How to monitor MongoDB

Like most things in life: If you can – keep it simple. Running databases in production isn’t easy, and with 7 years of practice we’ve found the best way to monitor MongoDB is to simplify the problem.

We'll discuss:

  1. How to focus on the right MongoDB metrics (critical and non-critical).
  2. The top alerts you can’t fall asleep without.
  3. Deciding on the right MongoDB monitoring to slot into your workflow.

We’ve been using MongoDB extensively to power many different components of our server monitoring product. Ranging from basic user profiles, all the way to high throughput processing of over 30TB/month. This means we keep a very close eye on how our MongoDB clusters are performing; from the metrics we collect, to the graphs we configure.

Let’s start with the MongoDB metrics that we really care about, and why you should too.

Key MongoDB monitoring metrics

The list of available MongoDB metrics is overwhelming, but let’s make it more manageable by honing in on the critical MongoDB ones. As you’ll be aware – when you’re busy in Ops, distractions should be minimised to allow you to focus on what really matters.

Oplog replication Lag

The replication built into MongoDB through replica sets has worked very well in our experience. However, by default writes only need to be accepted by the primary member and replicate down to other secondaries asynchronously i.e. MongoDB is eventually consistent by default. This means there is usually a short window where data might not be replicated should the primary fail.

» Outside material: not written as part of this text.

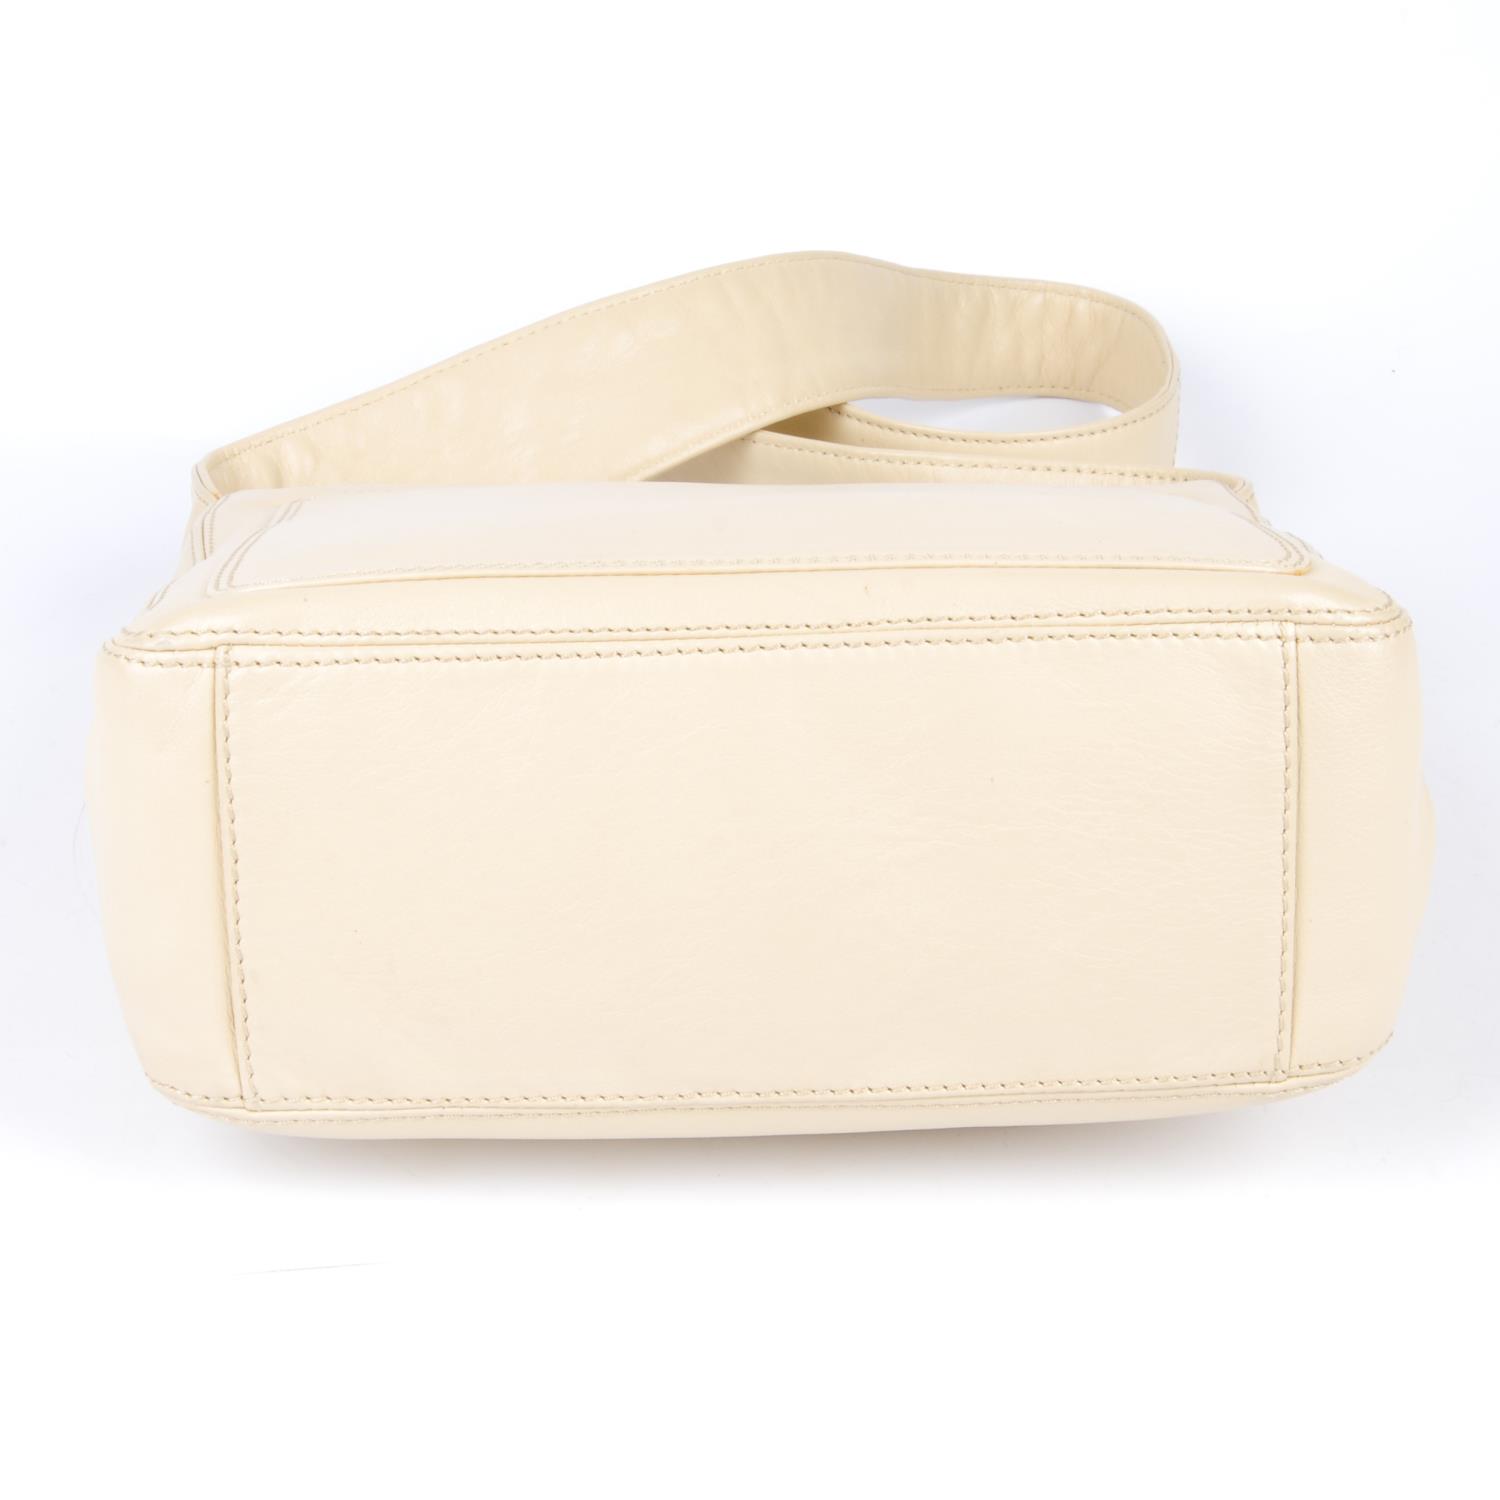 CHANEL - an ivory leather Flap handbag. - Image 5 of 5

This is a known property, so for critical data, you can adjust the write concern to return only when data has reached a certain number of secondaries. For other writes, you need to know when secondaries start to fall behind because this can indicate problems such as network issues or insufficient hardware capacity.

Monitor MongoDB write concern

Replica secondaries can sometimes fall behind if you are moving a large number of chunks in a sharded cluster. As such, we only alert if the replicas fall behind for more than a certain period of time e.g. if they recover within 30min then we don’t alert.

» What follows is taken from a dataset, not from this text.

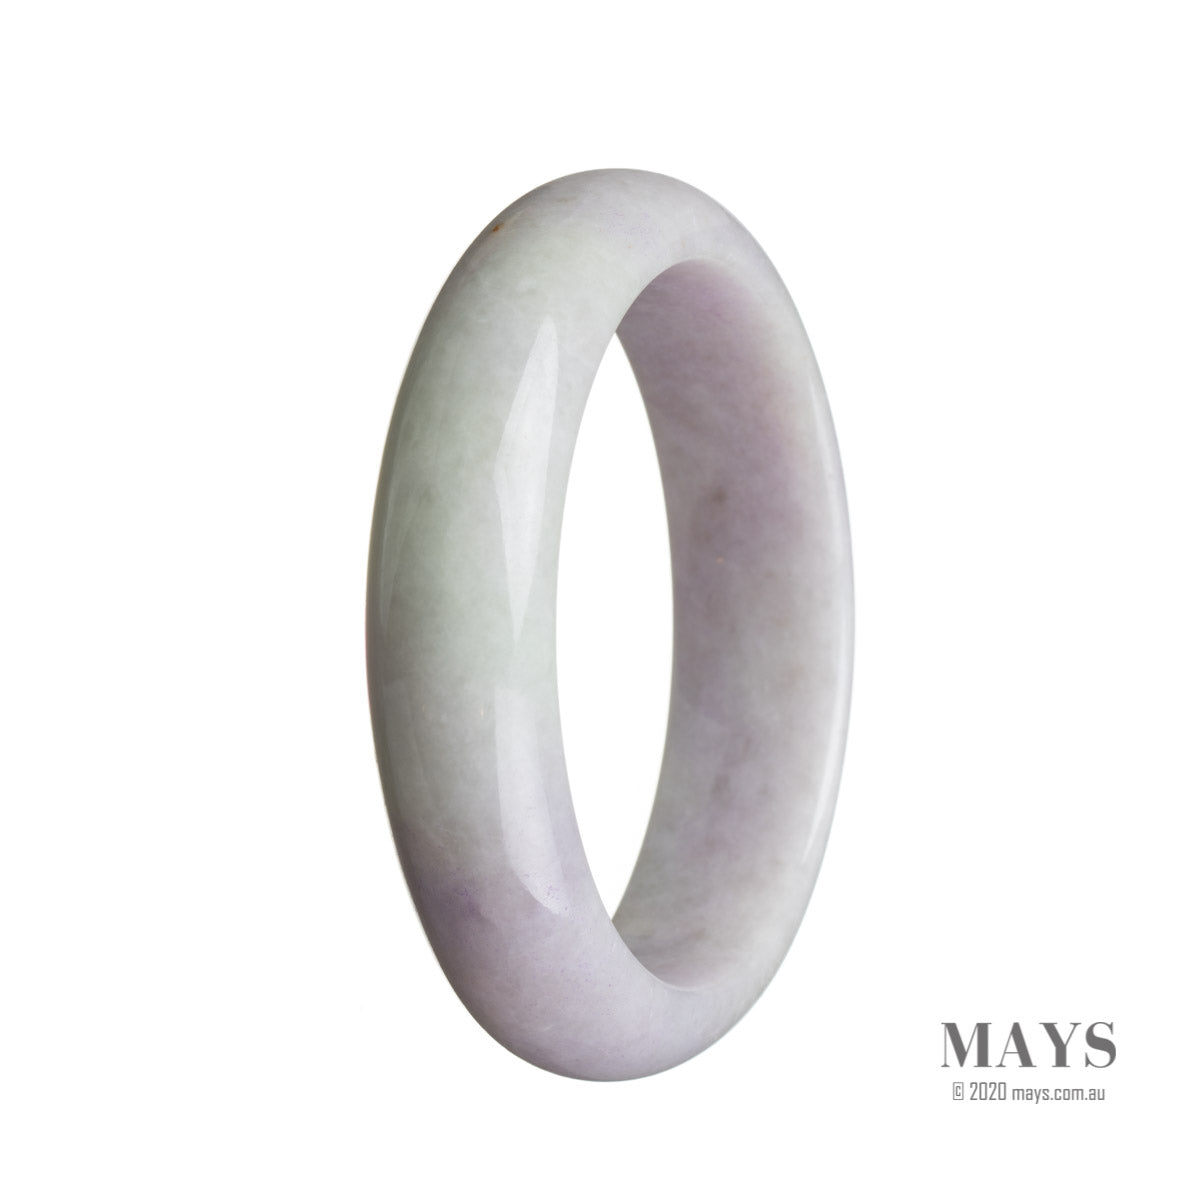 A beautiful lavender jadeite bangle bracelet with a half-moon design, measuring 58mm.

The op time date metric as reported by Server Density is the key one to measure this.

Replica state

In normal operation, one member of the replica set will be primary and all the other members will be secondaries. This rarely changes and if there is a member election, we want to know why. Usually this happens within seconds and the condition resolves itself but we want to investigate the cause pretty quickly because there could have been a hardware or network failure.

Flapping between states should not be a normal working condition and should only happen deliberately e.g. for maintenance or during a valid incident e.g. hardware failure.

You can find these metrics under the Replication Set grouping within Server Density.

Locking and disk i/o % utilization

As of MongoDB 3, locking is implemented at a collection or document level granularity, depending on the storage engine used. This was part of gradual changes from MongoDB 2.6 (database level locking). However, some operations take a global database lock e.g. dropping a collection so if this situation happens too often then you will start seeing performance problems as other operations (including reads) get backed up in the queue.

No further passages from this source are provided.